# Confused!!!



## Chilli (Oct 14, 2008)

Hi,

I would be very grateful if some one might be able to help or point me in the right direction. I would love to move from the UK to Canada (Vancouver) on a temporary work visa. 

How ever, I'm finding all the websites regarding visa options confusing and I'm not even sure if I have the necessary skills to get a visa?

Does any one know of some recruitment agencies that I can sign up to? Ideally I would like to work in the non profit sector and my work history is a combination of working in customer services, admin and the arts!

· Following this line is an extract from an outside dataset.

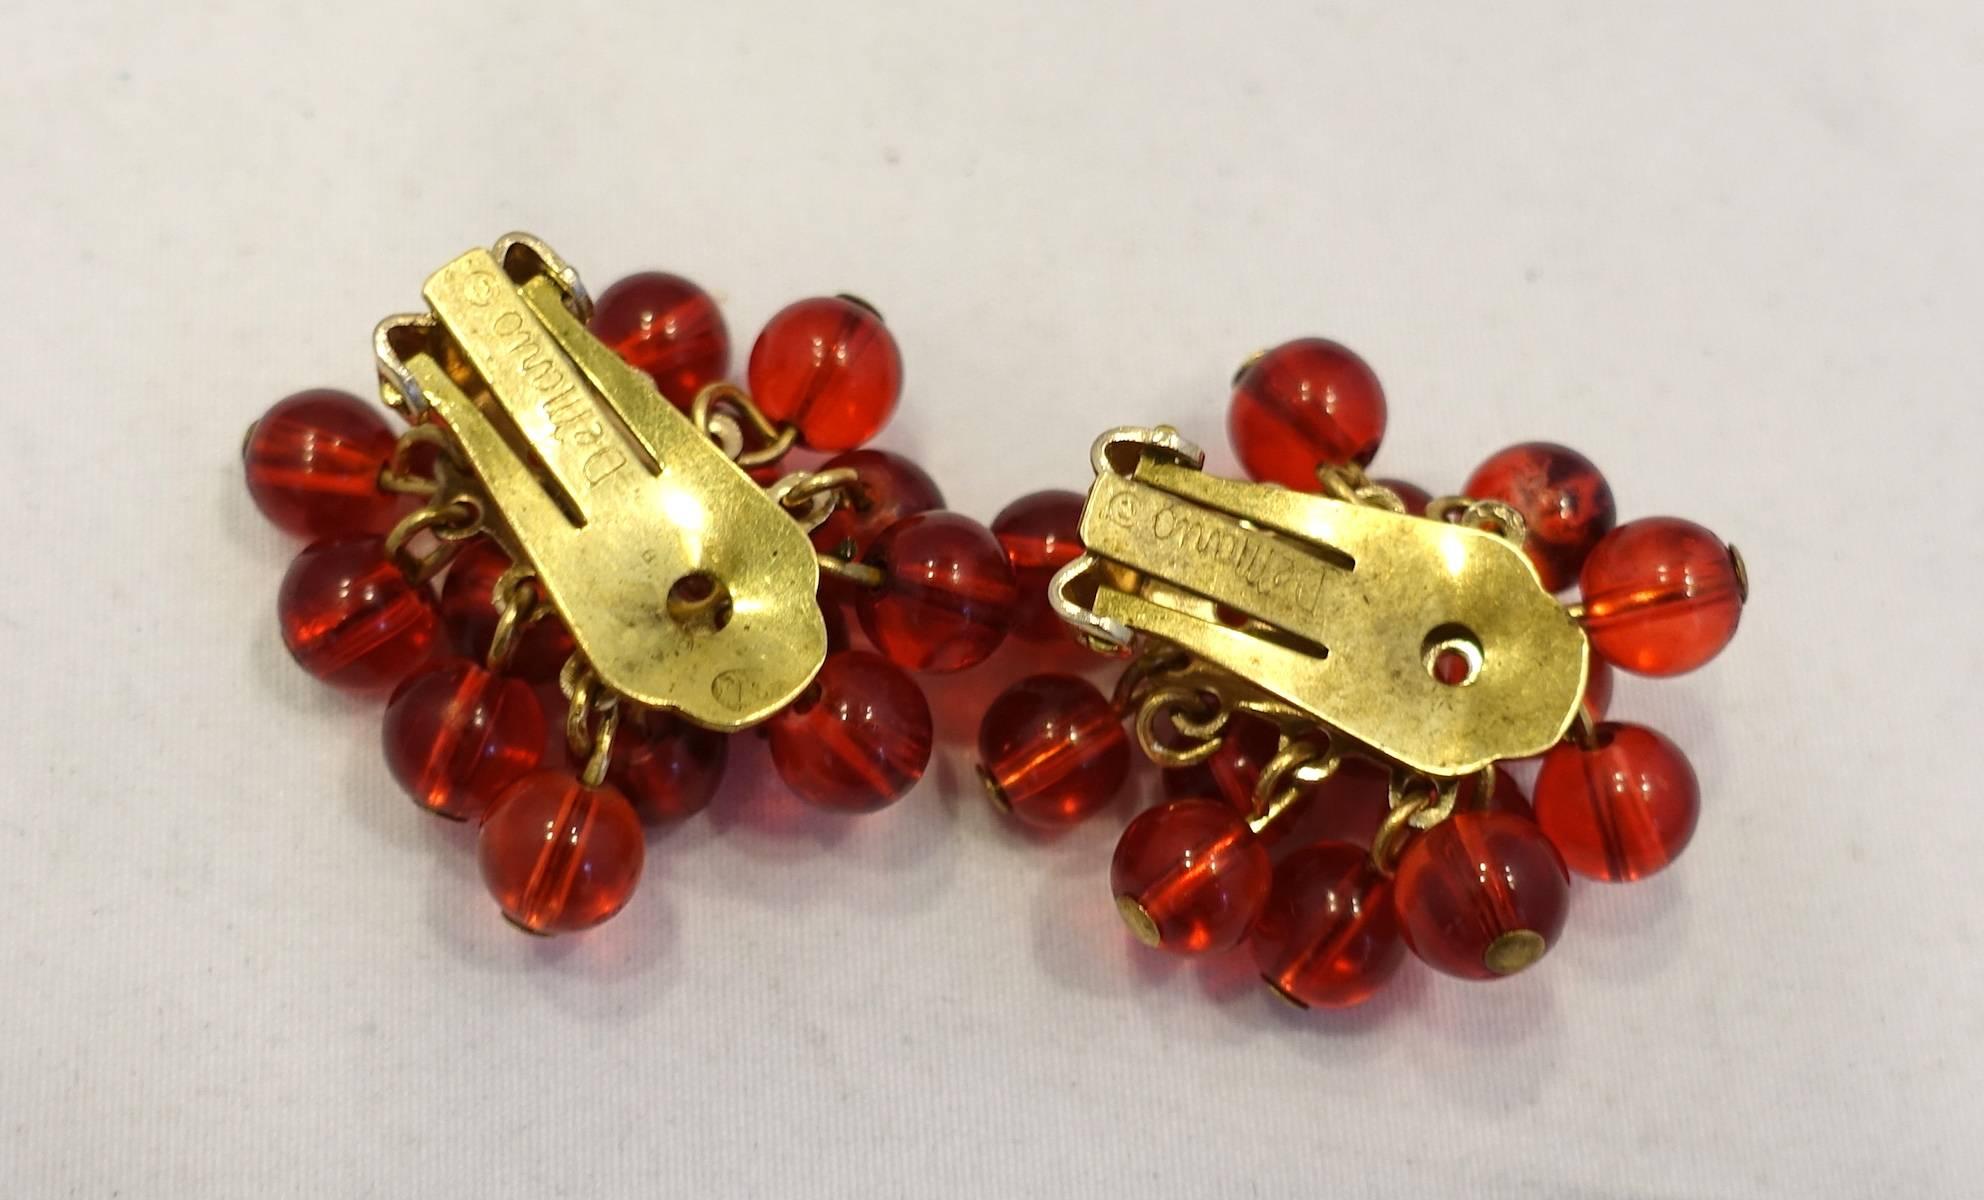 These vintage signed DeMario earrings are designed with red glass beads in a gold tone setting.  These clip earrings measure 1” x 1” and are signed “DeMario”.  They are in excellent condition.

Any help would be very much appreciated!

Thanks.


----------



## kkmm (Sep 16, 2008)

Dear Chilli!

Simply logon to jobsetc dot ca. Create your own profile and let the site pouring real jobs into your inbox daily 3 or 4 times. Remember to put original and true information about yourself. 

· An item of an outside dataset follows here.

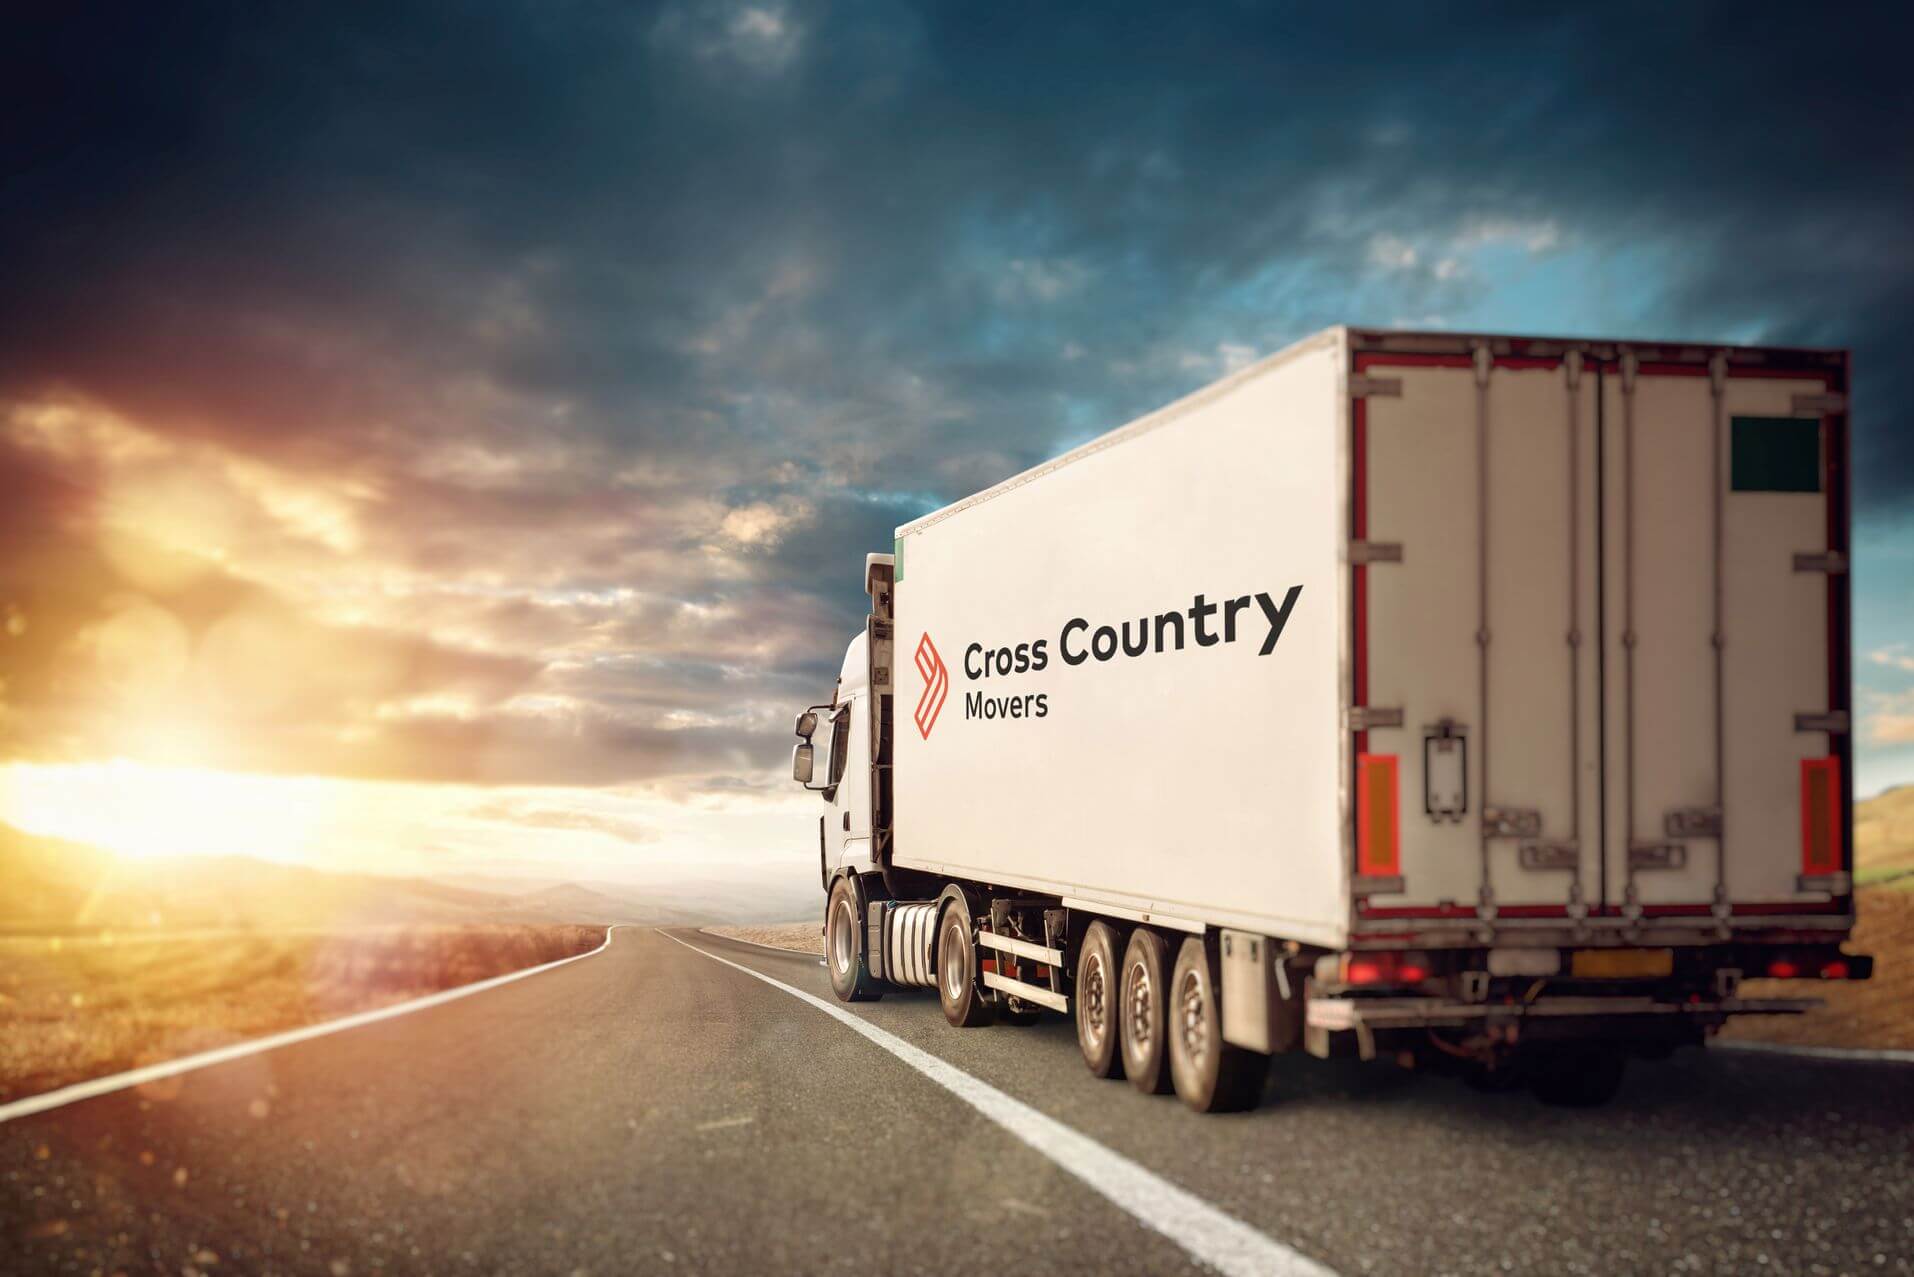 Cross country movers truck

For all other visa and residency issues visit cicdot gc dot ca

Thanks.

-Kamran Mahmood


----------



## Chilli (Oct 14, 2008)

kkmm said:


> Dear Chilli!
> 
> Simply logon to jobsetc dot ca. Create your own profile and let the site pouring real jobs into your inbox daily 3 or 4 times. Remember to put original and true information about yourself.
> 
> ...


Hi Kamran,

Thank you for the info - much appreciated. Will definitely sign on to the site you suggested and try to get to grips with the temp visa!!!

Thanks again!


----------



## IOWgirl (Nov 7, 2008)

I came out to canada as a nanny. I applied to a job through 'The lady' magazine. The whole process only took about 5 months, but this was in 84. I had to be a 'live-in nanny, but after two years I could apply to become a landed immigrant which mean't I could do anything and work anywhere and no longer had to 'live-in. That process didn't take long. It worked on a point system, my work experience, savings, reason for wanting to become a landed immigrant, etc. Once accepted, which was only a few weeks, I was free to do what I wanted, but the papers took about 10 months to arrive.


----------



## louiseg (Nov 17, 2007)

Hi Chilli welcome to forum,

If you are at the right age you could try BUNAC - Work and Volunteer programmes abroad for students and young people including Summer Camp USA for work options.
Good luck with your search.
Louise


----------